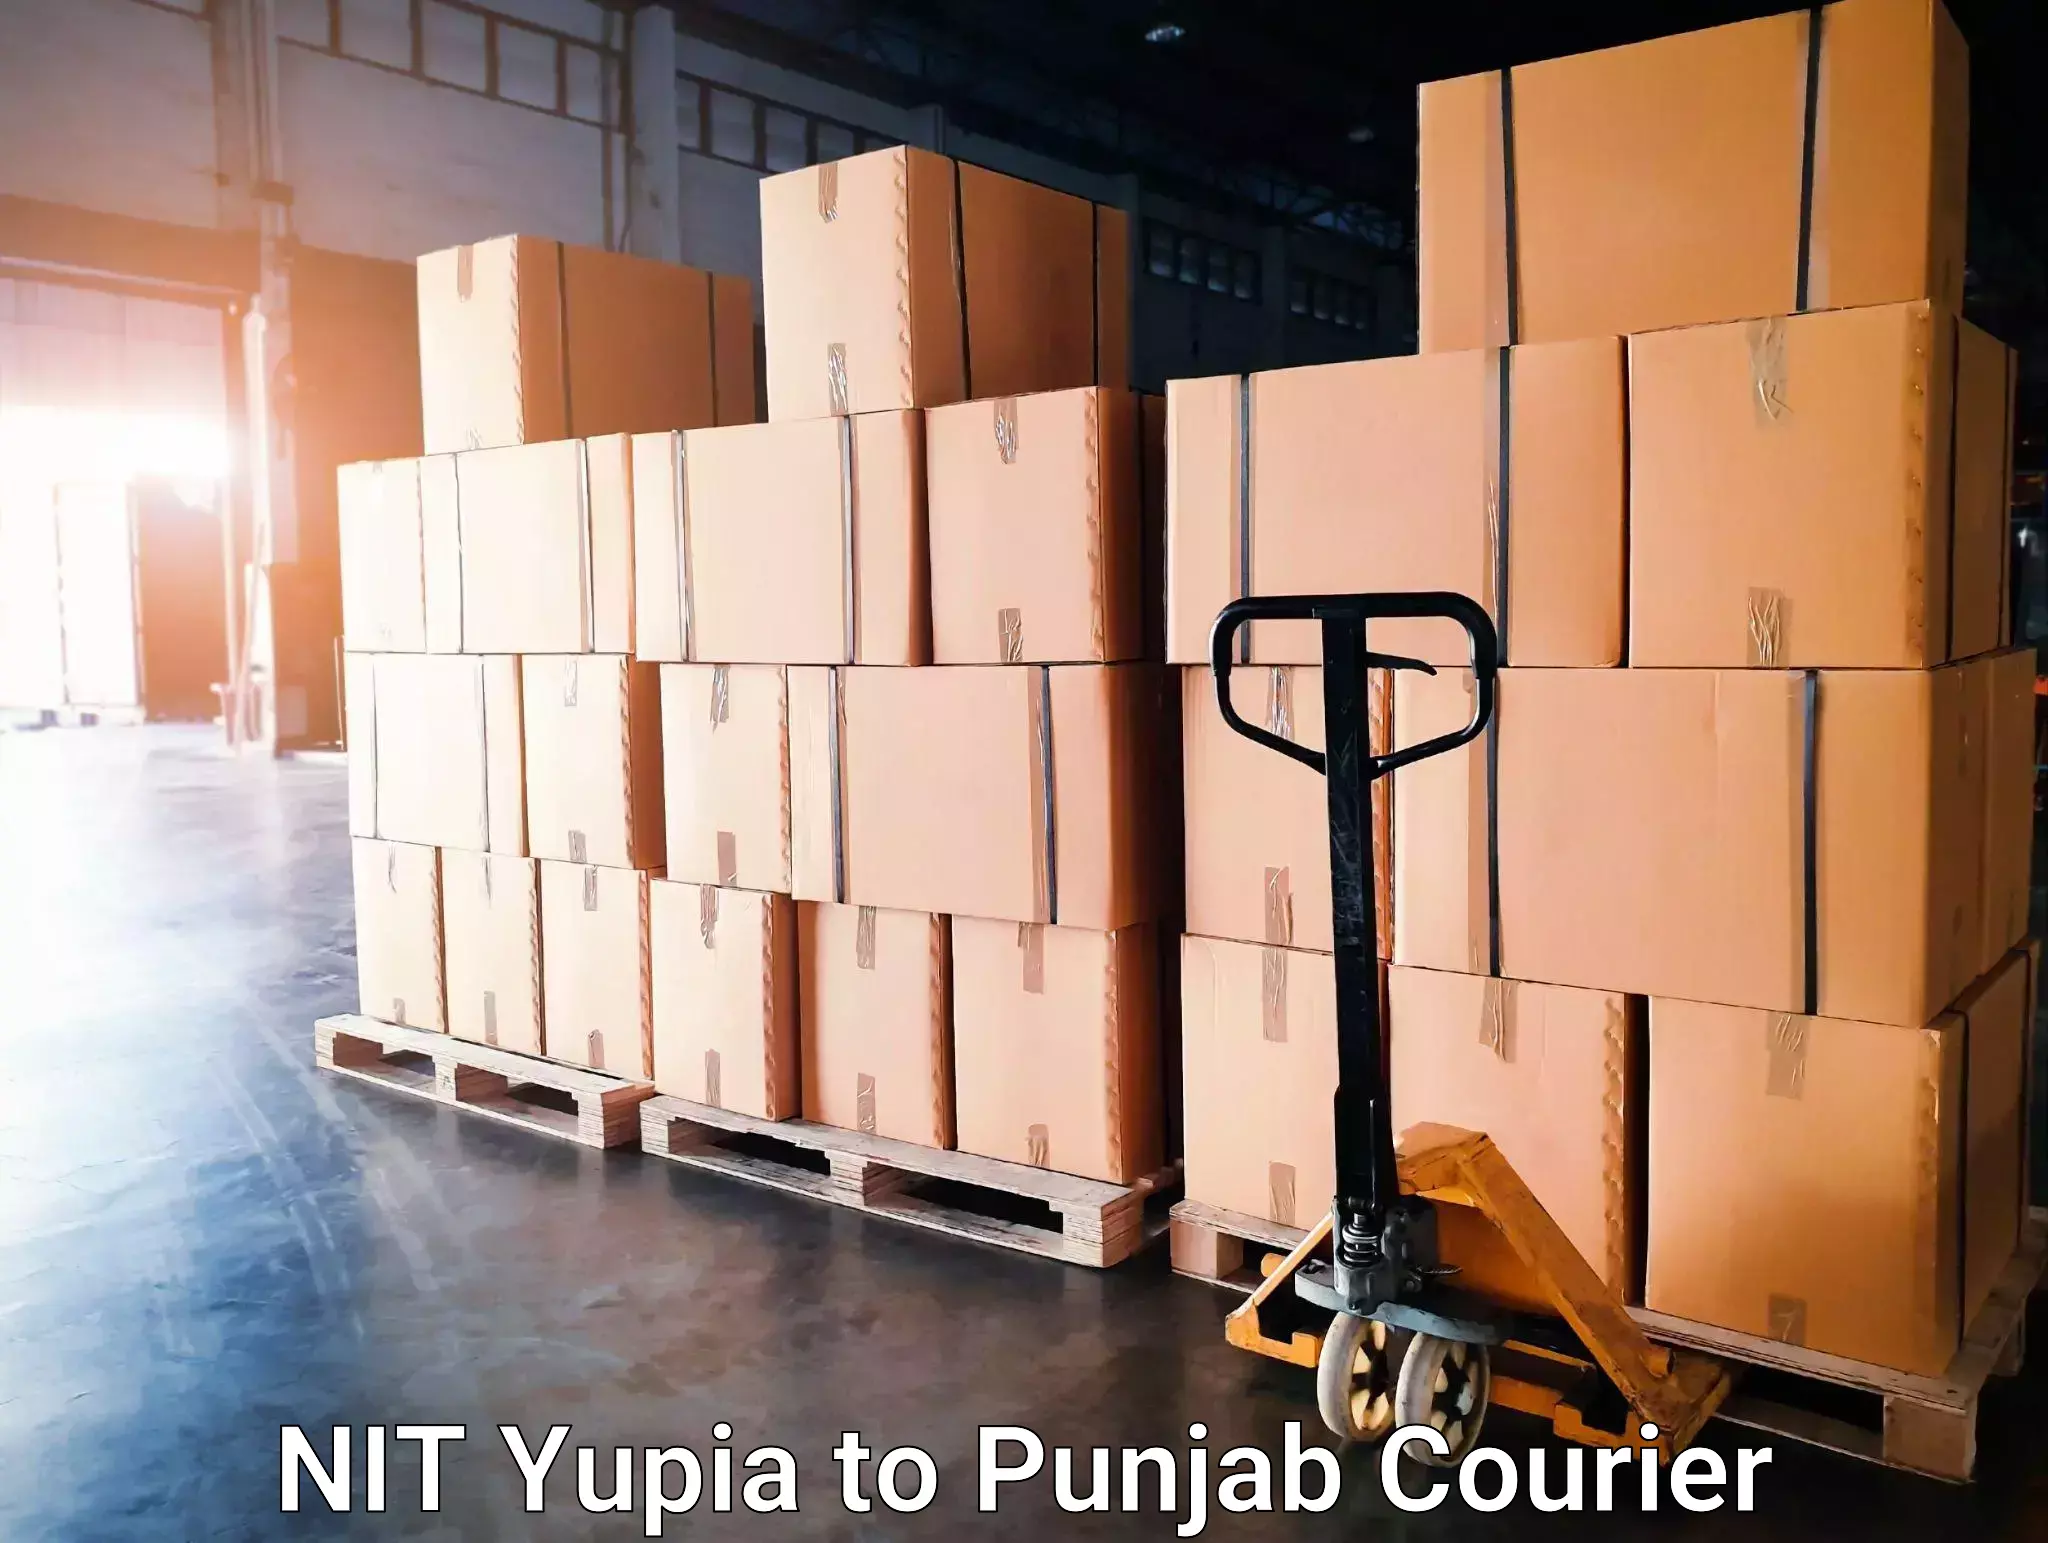 Speedy delivery service NIT Yupia to Amritsar
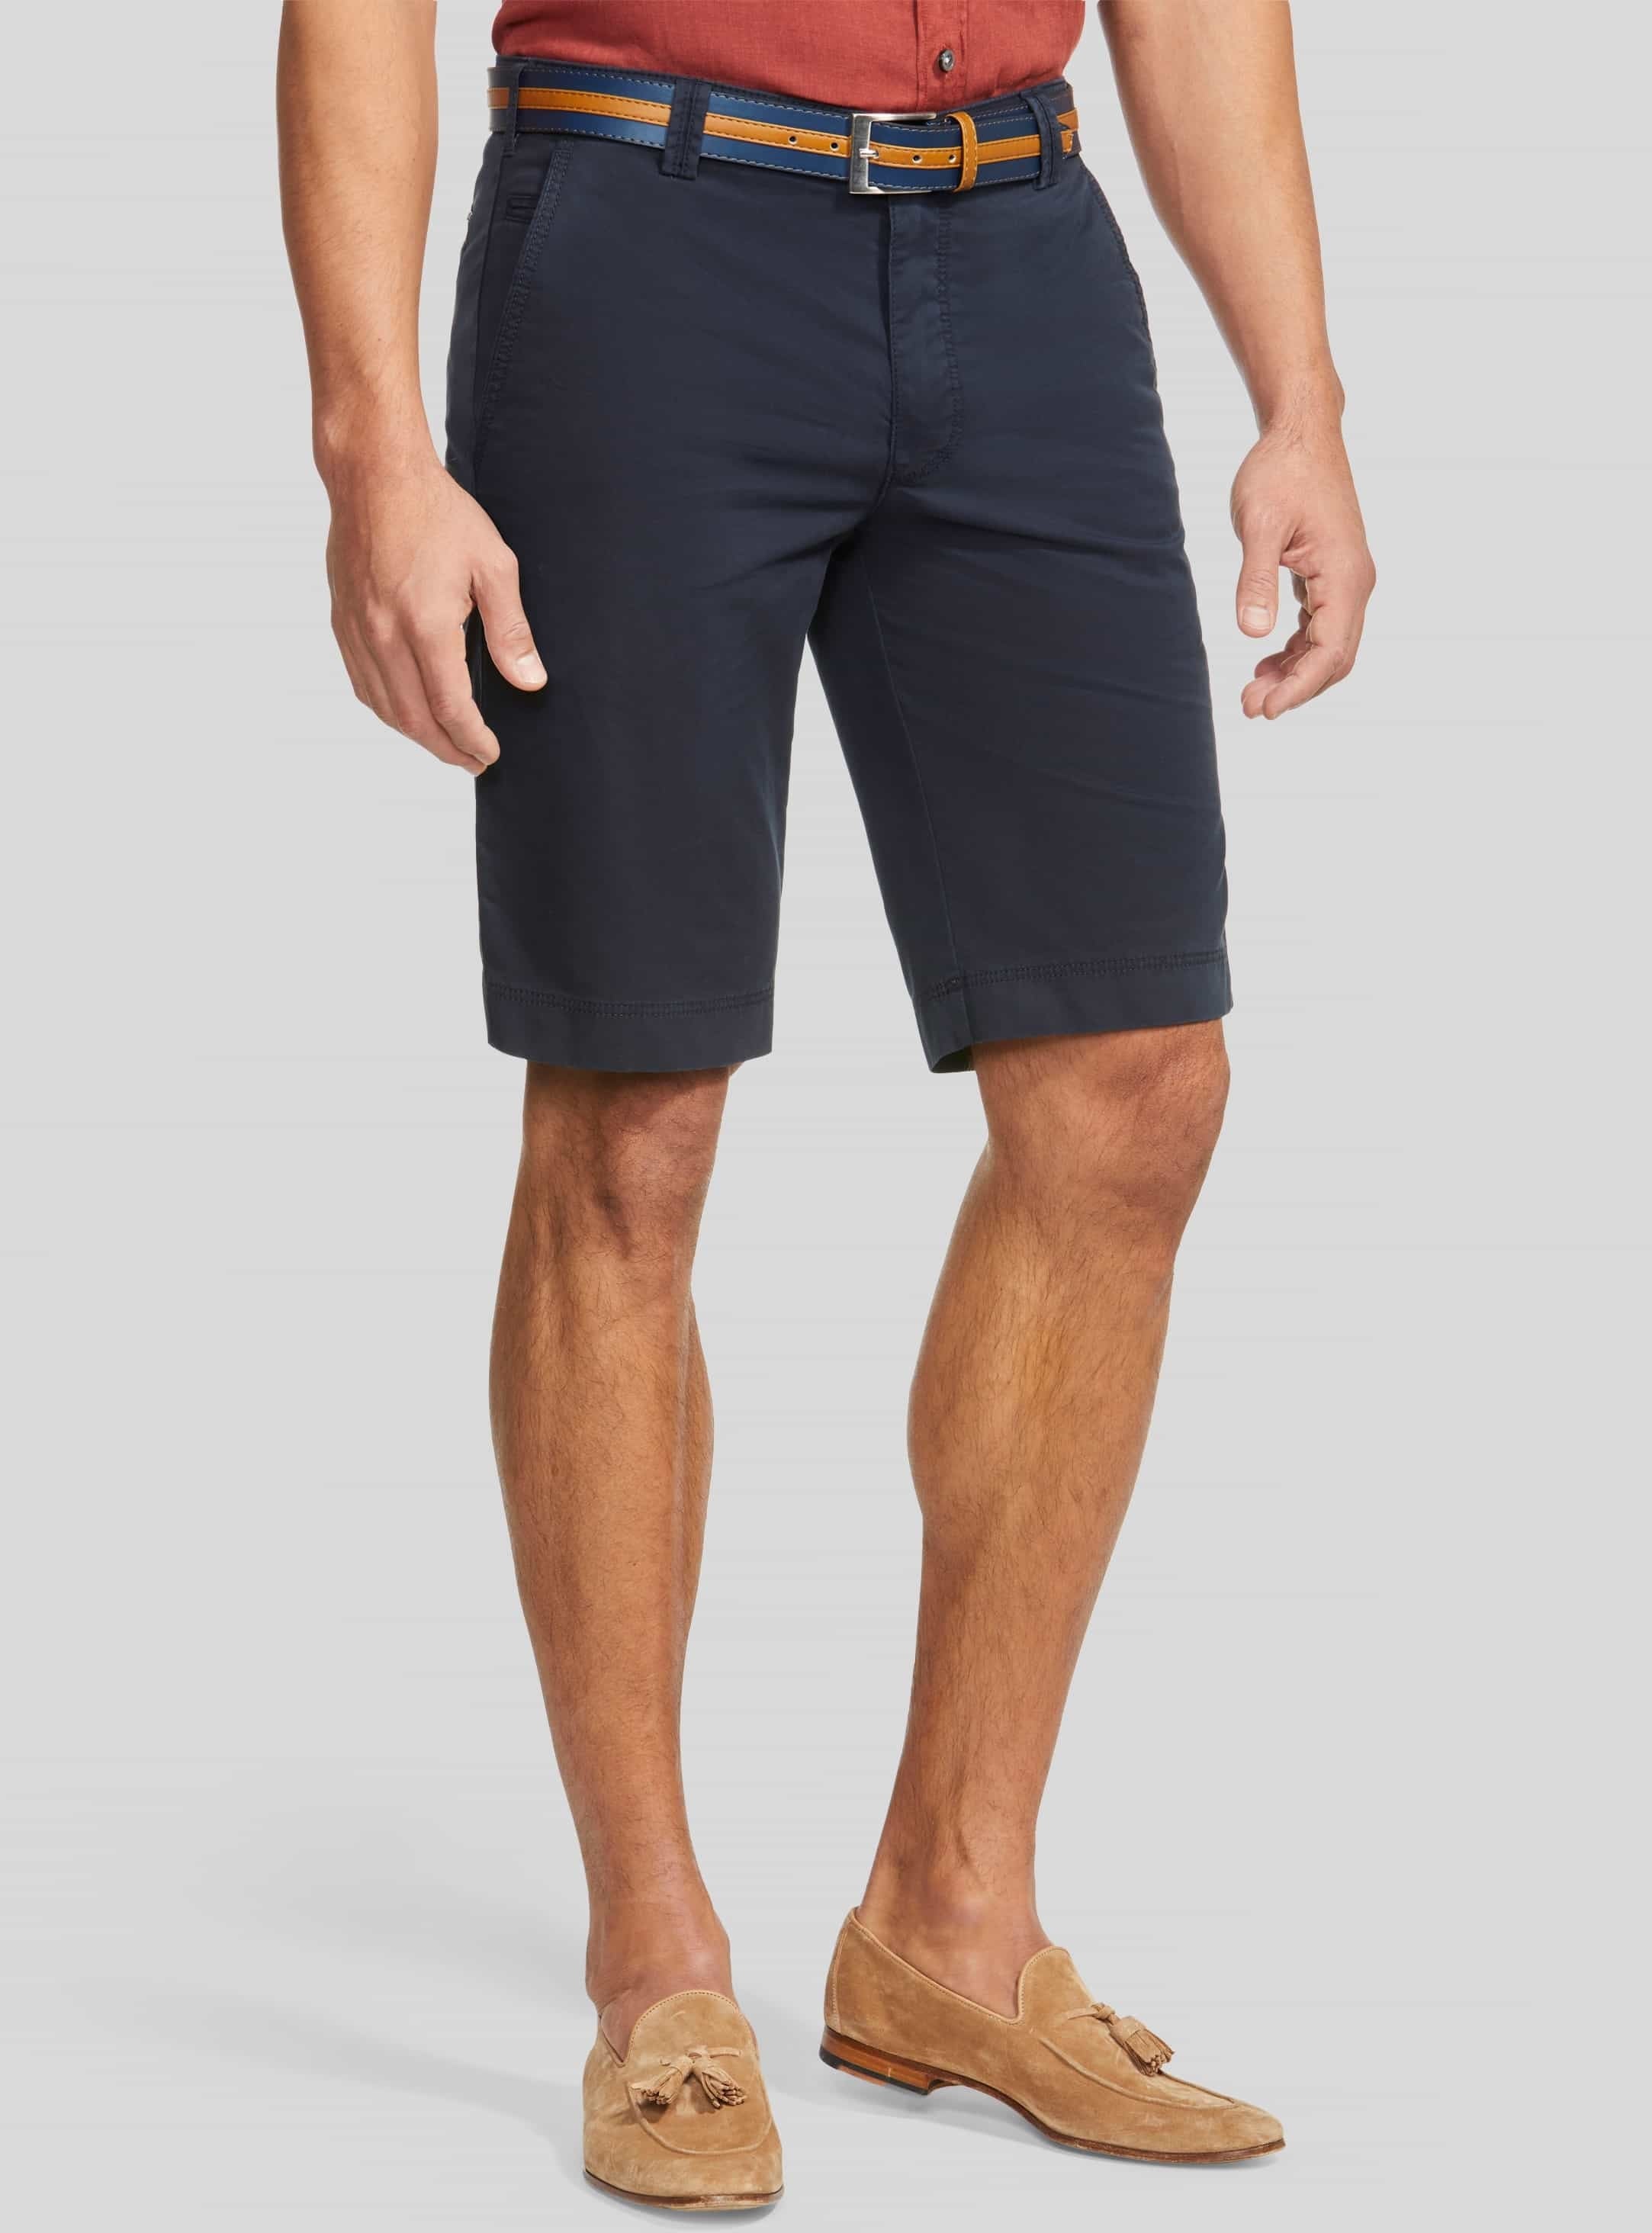 30% OFF - MEYER B-Palma Shorts - Men's Cotton Twill - Navy - Size: 38
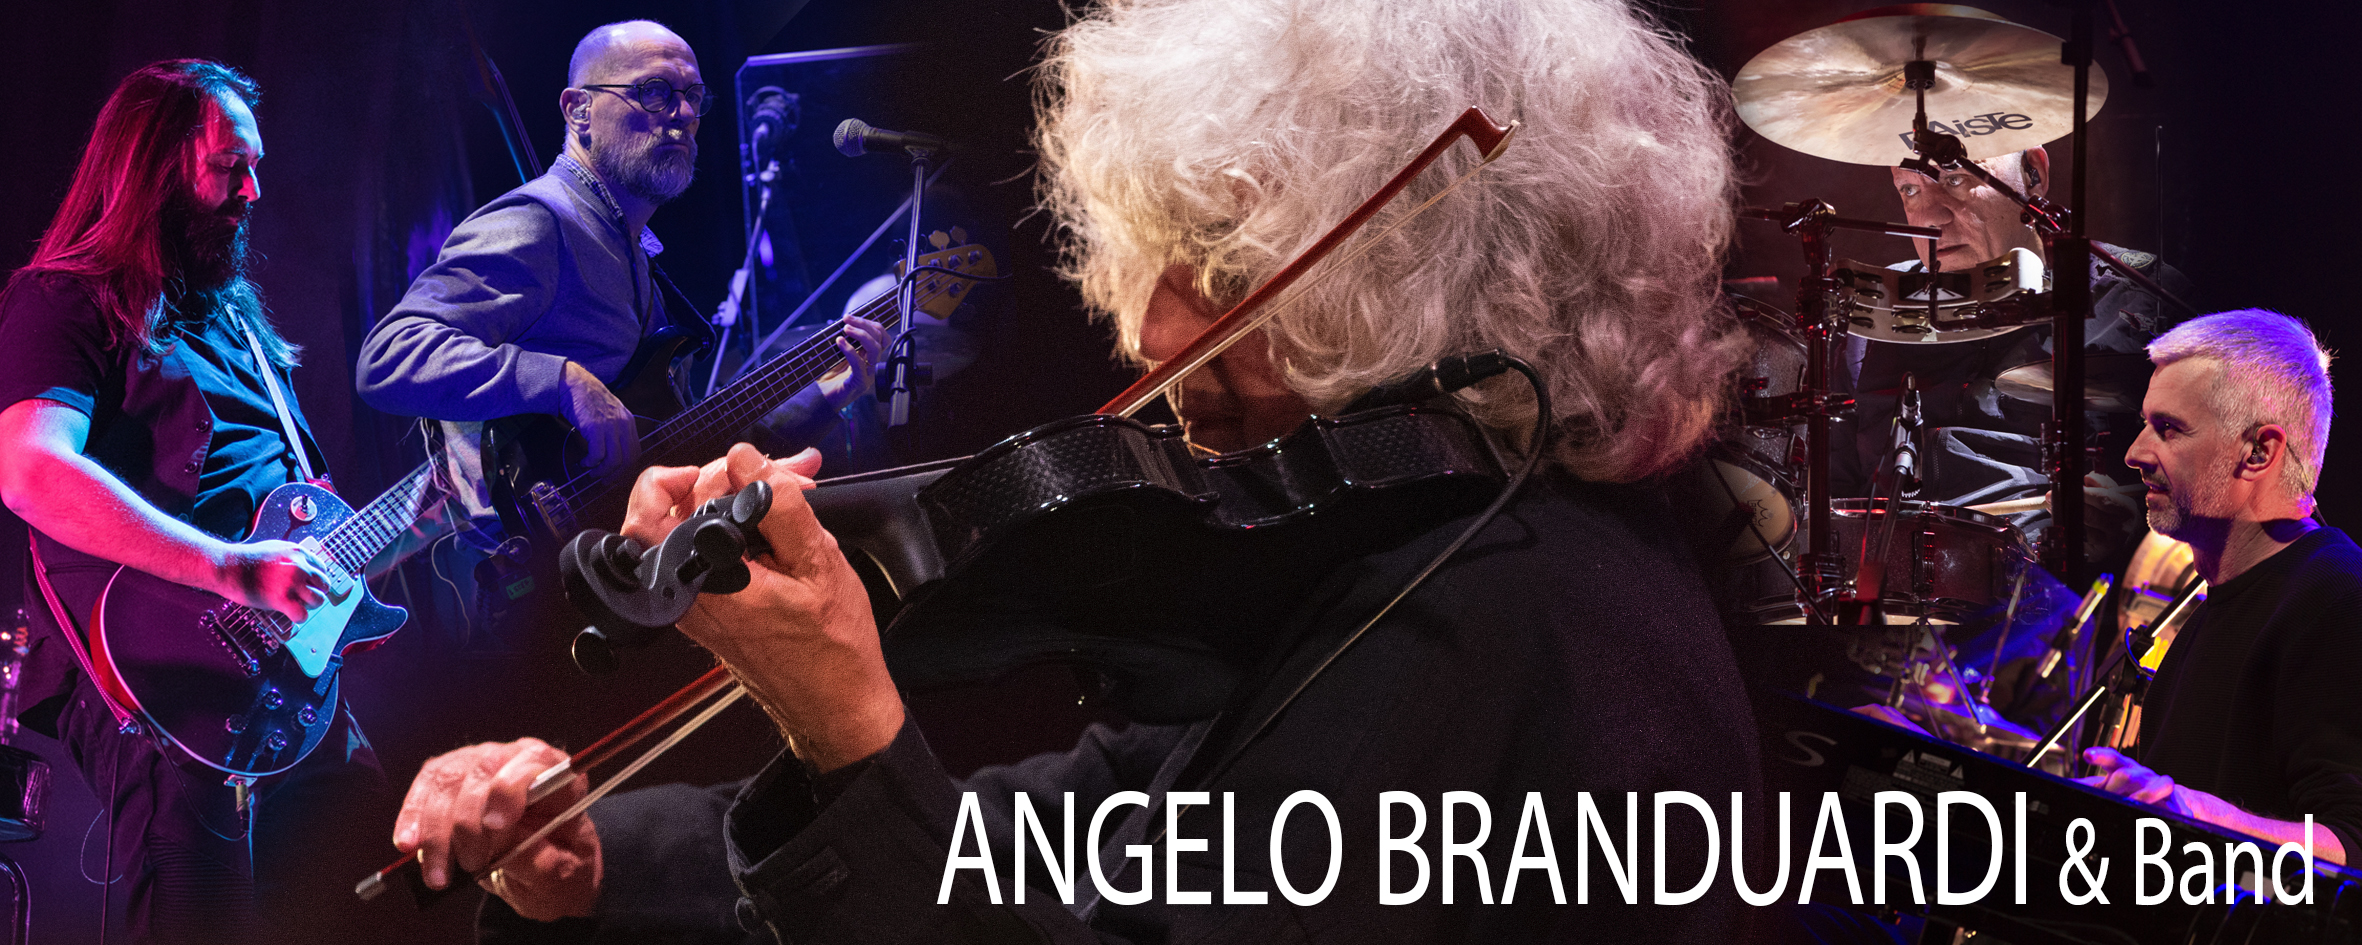 Angelo Branduardi & Band

☆ ☆ ☆ ☆

Once more, please print the whole listing exactly, omitting each image.

RESPONSE TO THIS EXERCISE:
 Speedy delivery service NIT Yupia to Amritsar
 30% OFF - MEYER B-Palma Shorts - Men's Cotton Twill - Navy - Size: 38
 Angelo Branduardi & Band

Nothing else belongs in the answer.